Caesar was still out there. Silas was still out there, and he was craftier and therefore more dangerous than the king’s egotistical, Giftless son.
He didn’t know what those two were planning, if anything, but Celian hated feeling like a sitting duck. And now—if it was true—D had thrown an ugly wrench into this already colossally bad situation.
“What is it?” Lix leaned his bulk over the table and propped himself up on his elbows.
“Little Lord Fauntleroy is at it again,” Celian muttered, drumming his fingers on the wood.
“He’s still insisting you join the Council of Alphas?” Lix asked, surprised.
In the three years since they’d met, Leander and the other three leaders who comprised the Council of Alphas had attempted to persuade him by coercion and flattery and thinly veiled threat that not to join was a declaration of war. But Celian had lived long enough under one dictator, and he would never trade one for four, no matter how nice they pretended to be or how many flowery promises they made. Stronger together than apart. All for one and one for all. Duty to the tribe, etc. etc.
He wasn’t having any of it. He’d agreed to keep his people contained within the catacombs until the rebels were found, and that was enough to hold them off for now. But now this…

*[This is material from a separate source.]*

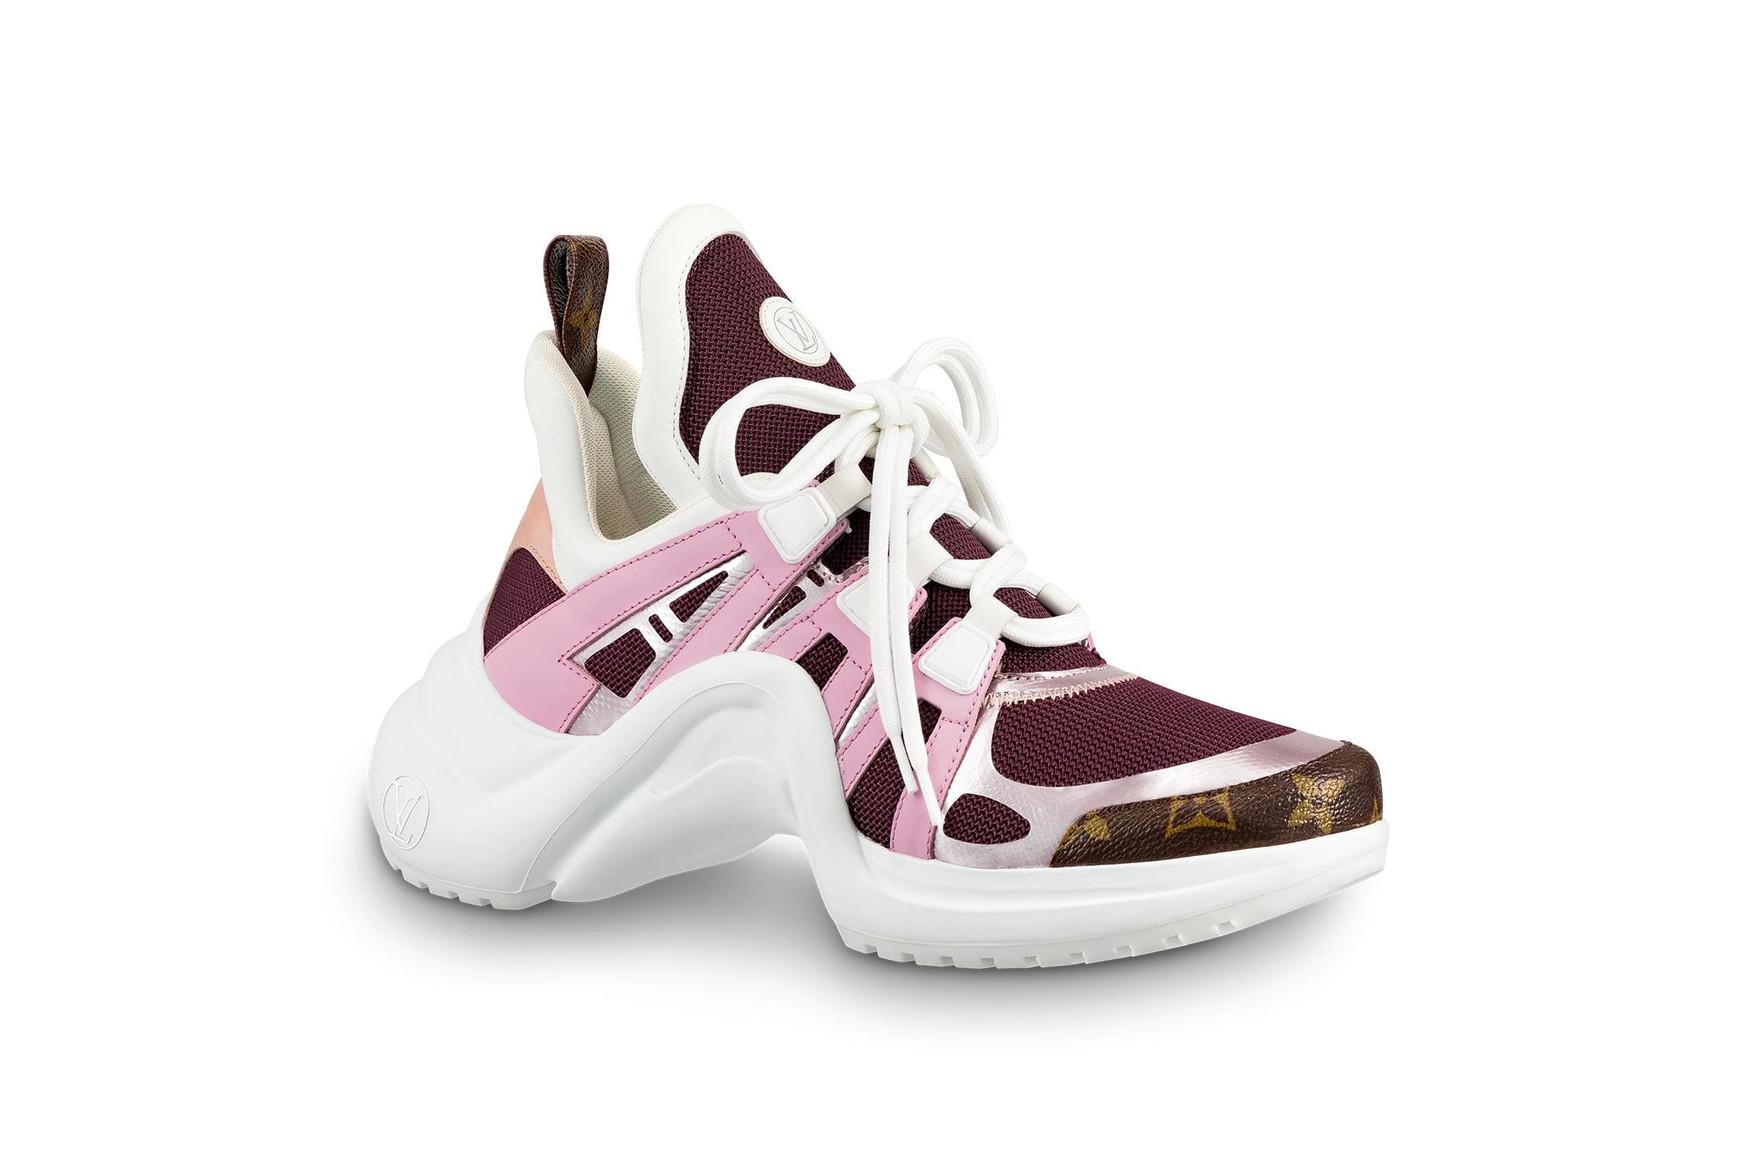 13ab02eeedc Archlight, le sneakers di Louis Vuitton, ora in due nuove colorazioni

Celian looked at Constantine, who immediately dropped his gaze to the table and shifted his weight in the chair.
Interesting.
Celian watched him carefully as he said, “Actually, he had a bit of news about Eliana.”
A muscle in Constantine’s jaw twitched. He glanced up, then back down again.
“What?” exclaimed Lix, bolting upright. “Eliana? What is it? What happened? And why were you talking about D?”
Yes, that’s the correct reaction, thought Celian, staring at a very still, quiet Constantine. Aloud he said, “Apparently someone who looks a lot like our beloved brother has blown up a Paris police station and stolen the missing princess.”
Lix stood abruptly, shoving back the heavy wooden chair in the process. “WHAT?”
“What indeed,” Celian murmured, looking at Constantine. “Anything you’d like to add to the conversation, Constantine?”
Constantine took a deep breath, spread his big hands flat on the table, exhaled, and quietly said, “I owed him one.”
Lix looked at Constantine. “WHAT?” he shouted again.
The Servorum he’d sent looking for D chose that exact moment to burst into the room. Young and gangly, he skidded to a stop inside the arched doorway. “Gone!” he said, breathless. “He’s gone! The guards at the north gate were overpowered—”
Celian lifted a hand, and the boy instantly lapsed into silence. A wave of his hand and the boy backed from the room with a bow. The entire time, Celian’s gaze never left Constantine’s face. “Tell me all of it now, because if I have to hear it from that f*****g British peacock—”
“I was with him when we saw Eliana on TV being taken in by the French police—”
“WHAT?”
“Sit down, Lix, and shut the hell up!” Celian snapped. The long-haired warrior lowered his bulk to the chair, slowly, looking back and forth between him and Constantine with a look of horrified disbelief.
Constantine spoke, low, to his spread hands. “She was being arrested. They said on the news she was some notorious thief. They had her in handcuffs—”
“She was injured,” Celian deduced instantly. She’d never have been captured otherwise.
Constantine nodded. “D just…he just went crazy. There was no stopping him. I tried to talk him out of it, but you know how he is…about her…he was totally unreasonable…” He glanced up at Celian.
It was getting very difficult to hear above the adrenaline roaring through his veins. “Keep talking,” he said.
“Like I said, I owed him one.” His big shoulders hunched to a shrug, and he dropped his gaze again to the tabletop.
The room was utterly silent and still. Around his ankles, one of the hundreds of feral cats that ran wild through the catacombs twined back and forth, rubbing its whiskered face against his leg. “You risked all our lives,” Celian said very quietly, “you risked war with the other colonies because of a guilt trip.”
Slowly, Constantine raised his eyes and met Celian’s gaze. He shook his head. “No. I risked war with the other colonies because he’s my brother and he needed my help. I would do the same for either of you.”
Celian stood and began to pace over the bare rock floor. “It was hard enough convincing their Council that we didn’t have anything to do with the Expurgari, that we didn’t know what Dominus had been up to all those years. I still don’t think they completely believe it.”
Lix said to no one in particular, “Eliana is a thief?”
Celian kept talking. “And now I’ve got to convince them that we had nothing to do with D and this new clusterfuck—”
“A thief?” Lix interrupted, staring incredulously at a morose Constantine.
“Silas must have put her up to it,” he muttered, nodding. “She’d never do something like that on her own. She was too…”
Sweet, he didn’t say. Sweet and lovely and innocent as a fawn.
“We don’t know that,” said Celian, stopping in midstep beside the table. Lix and Constantine both looked up at him. “We don’t know who she is anymore. Or what she’s been up to the past three years since she disappeared.